◆ AIM OF THE EXERCISE
Your reply must contain the full listing below, reproduced exactly, but no pictures.

◆ PROVIDED MATERIAL
------------------------------------------------------------------------
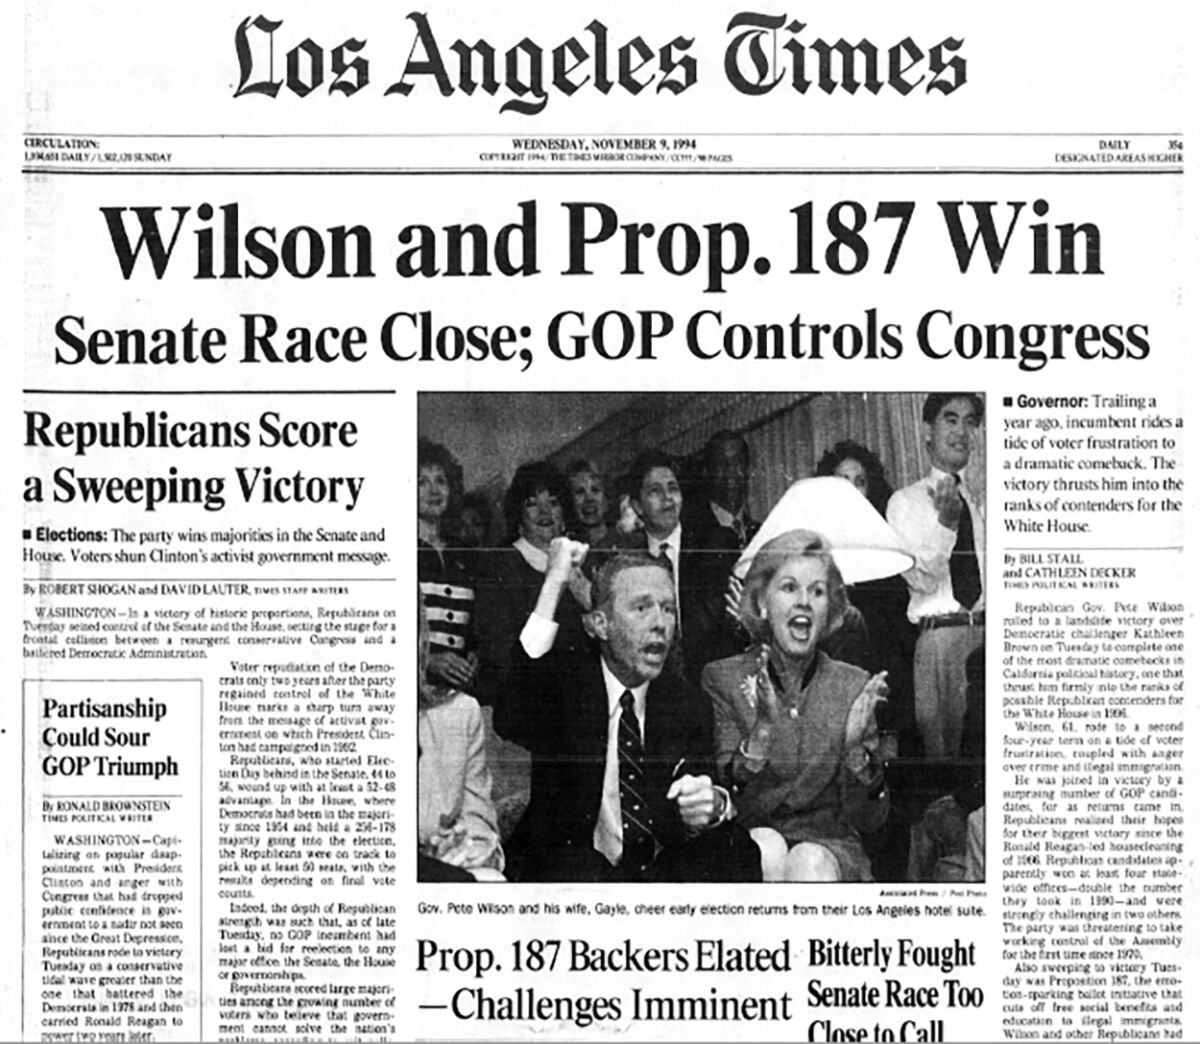 Nov. 9, 1994, front page of Los Angeles Times
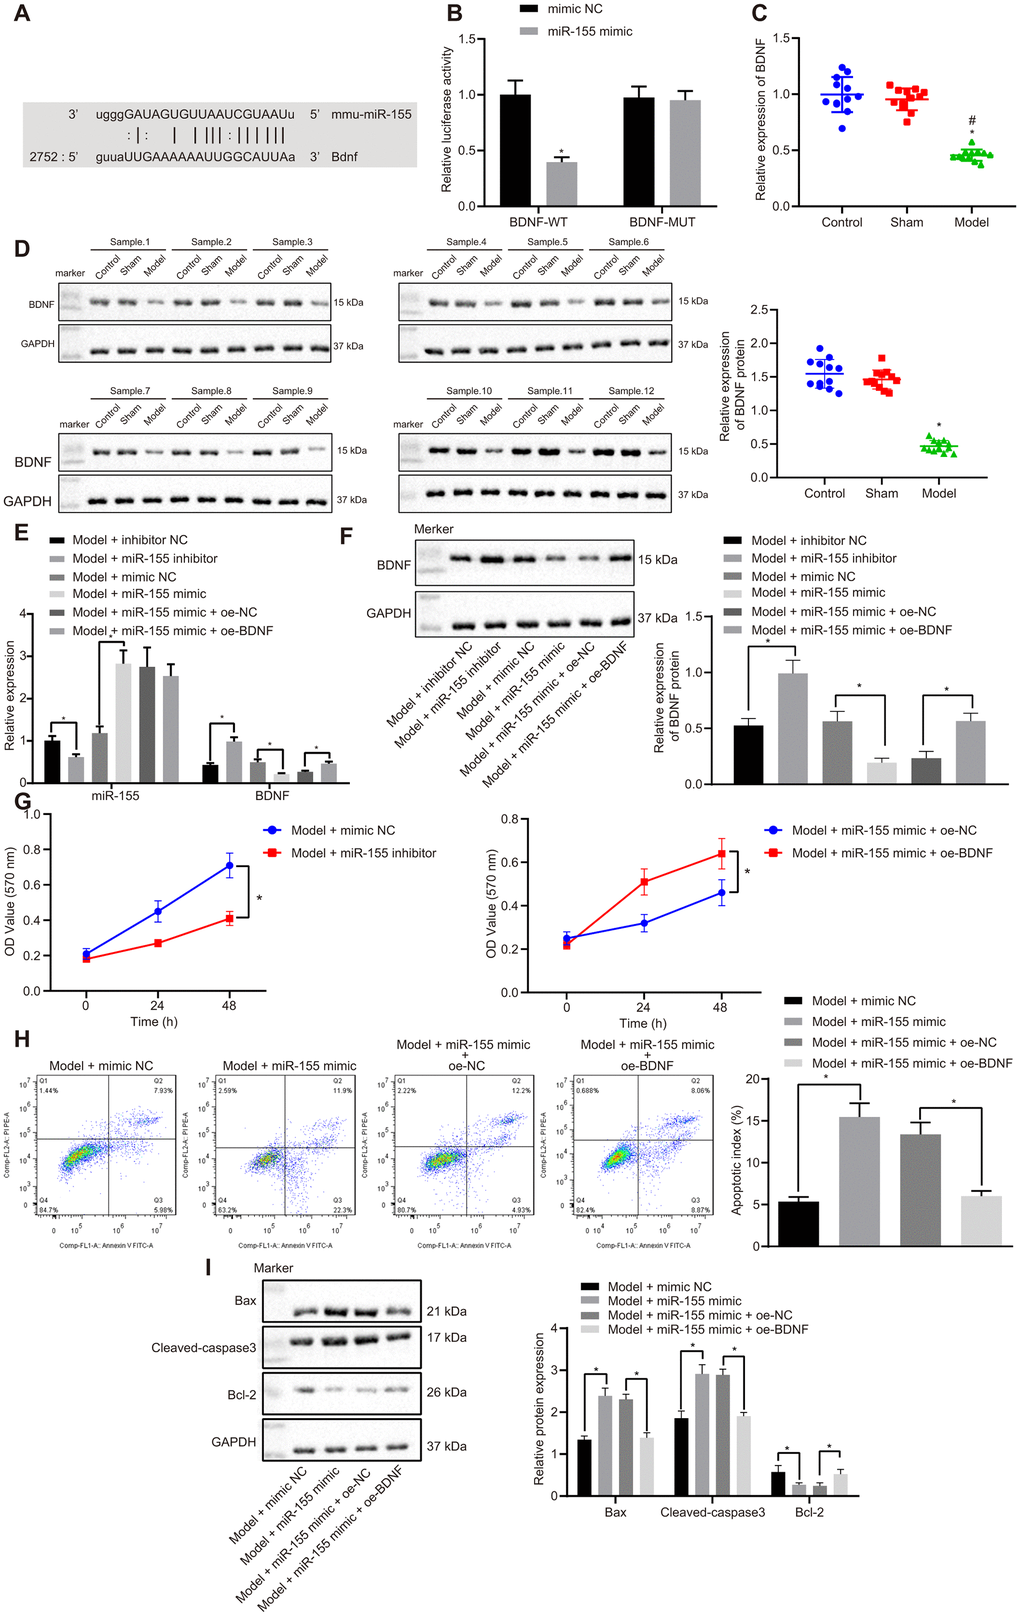 Effects of miR-155 and BDNF on cardiomyocyte apoptosis. (A) Binding relationship between miR-155 and BDNF predicted by online tools; (B) Binding relationship between miR-155 and BDNF determined by dual luciferase reporter gene assay; (C) BDNF mRNA expression in heart tissues; (D) BDNF protein expression in heart tissues; (E) miR-155 and BDNF mRNA expression in cardiomyocytes. (F) BDNF protein expression in cardiomyocytes; (G) Cell viability determined by MTT assay; (H) Cell apoptosis determined by flow cytometry; (I) Protein expression of apoptosis-related factors; *p p 
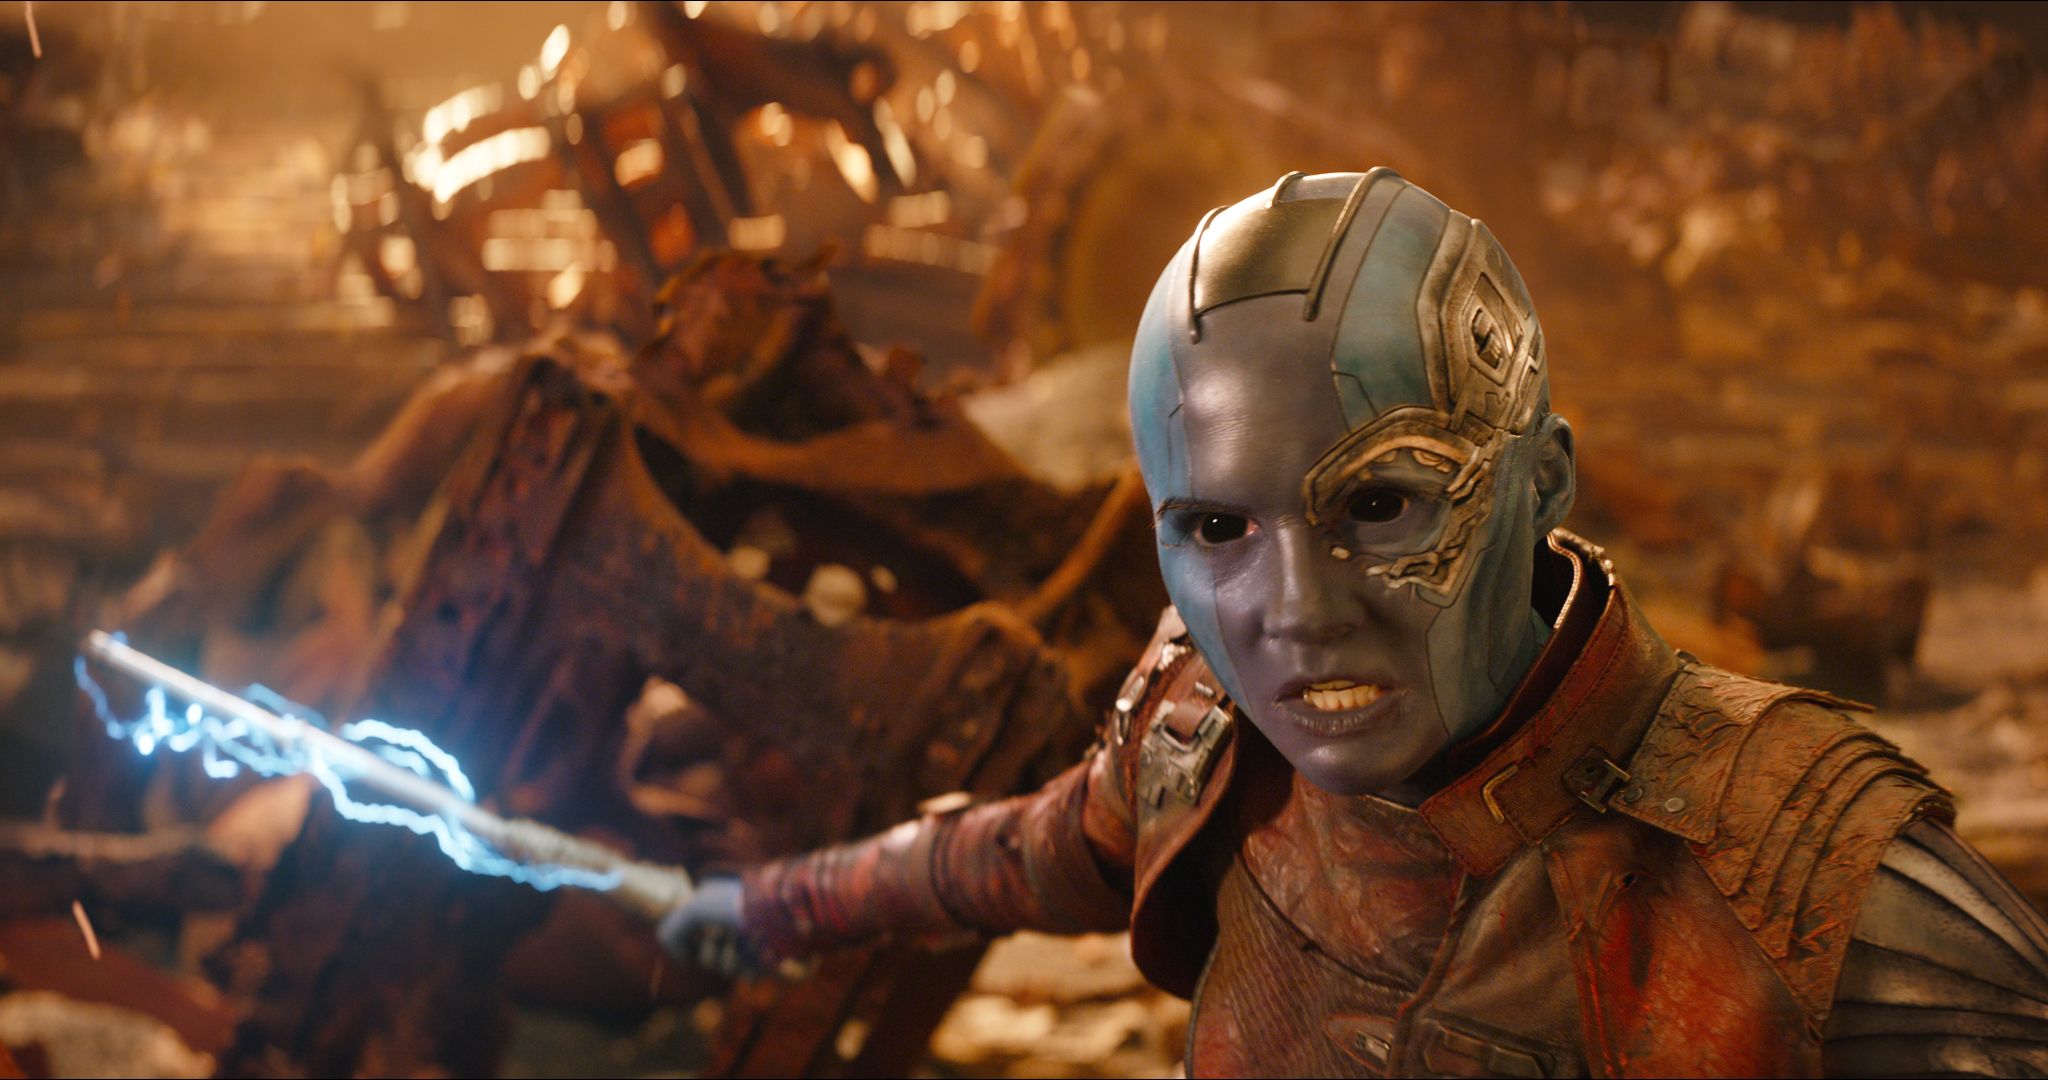 Marvel Cinematic Universe Villains Ranked From Worst to Best
------------------------------------------------------------------------
◆ RESPONSE BELOW
 Nov. 9, 1994, front page of Los Angeles Times
 Effects of miR-155 and BDNF on cardiomyocyte apoptosis. (A) Binding relationship between miR-155 and BDNF predicted by online tools; (B) Binding relationship between miR-155 and BDNF determined by dual luciferase reporter gene assay; (C) BDNF mRNA expression in heart tissues; (D) BDNF protein expression in heart tissues; (E) miR-155 and BDNF mRNA expression in cardiomyocytes. (F) BDNF protein expression in cardiomyocytes; (G) Cell viability determined by MTT assay; (H) Cell apoptosis determined by flow cytometry; (I) Protein expression of apoptosis-related factors; *p p 
 Marvel Cinematic Universe Villains Ranked From Worst to Best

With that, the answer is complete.